Make this bubbly bake with any variety of seafood such as lobster, scallops, haddock, shrimp, crab, or clams. Serve with fresh biscuits and a salad.
Serves 4.
INGREDIENTS:
3 cups Potato, peeled and diced into ½ inch cubes
3 tbsp Butter
1 Medium onion, diced
3 tbsp Flour
1 can Evaporated skim milk (354 ml)
½ tsp Salt
½ tsp Ground pepper
1 cup Reserved water from cooked potatoes
1 Large carrot, shredded
1 Bell pepper, diced (green or red adds color)
2-3 cups Seafood (lobster meat), cooked and cut up into chunks
1 cup Cheddar cheese, shredded
3 tbsp Butter, melted
½ cup Fine breadcrumbs
DIRECTIONS:
- Preheat oven to 350° F.
- Place diced potatoes in a medium saucepan. Add water until potatoes are just covered. Add ½ tsp salt. Boil for about 15 minutes or until potatoes are just fork tender.
- Meanwhile, melt first amount of butter in a cast iron casserole or heavy saucepan. Sauté onions until they start to sweat.
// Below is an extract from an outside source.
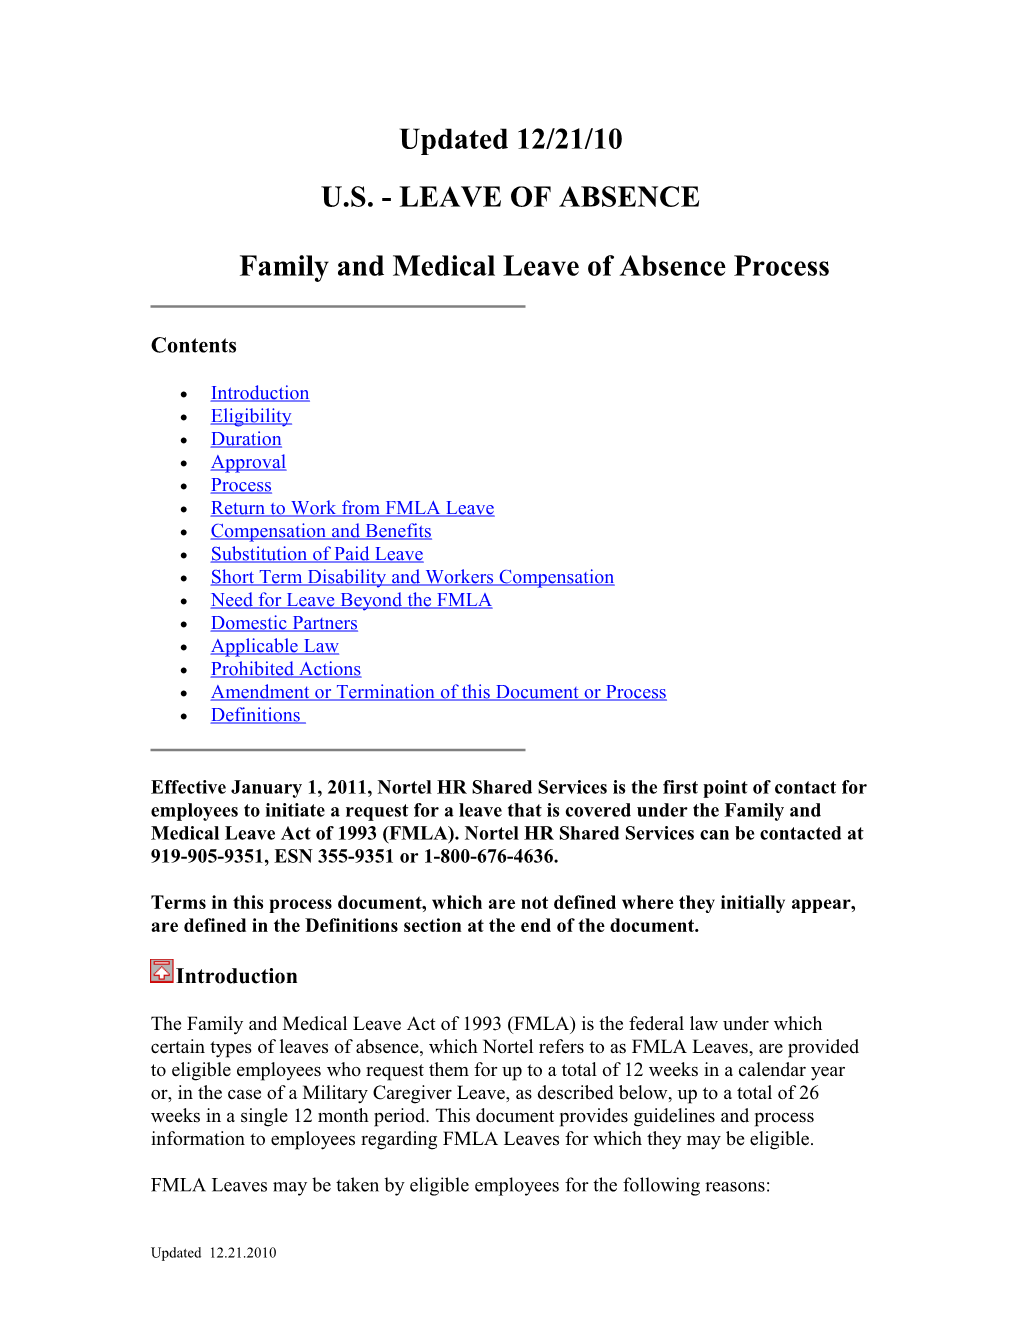 U.S. - LEAVE of Absencefamily and Medical Leave of Absence Process

Stir in flour and allow it to cook for a minute. Slowly add evaporated milk so no lumps form. Add salt and pepper.
- When potatoes are finished boiling, drain off about 1 cup of the water and add to the sauce. Stir to combine well. If you find the sauce a little thick, add more water or milk until you get the consistency you want.
- Stir in cooked potatoes, carrots, bell pepper and lobster.
- If you combined ingredients in a saucepan, transfer to a baking dish.
- Sprinkle shredded cheese evenly over top.
- In a 1 cup glass measure, melt second amount of butter. Add fine breadcrumbs and stir with a fork. Sprinkle over top of cheese.
- Bake in a 350° F oven for about 30 minutes or until golden brown and bubbly.
- Enjoy!
You can reheat any leftovers within a couple days, either in the oven or stove top until warmed through.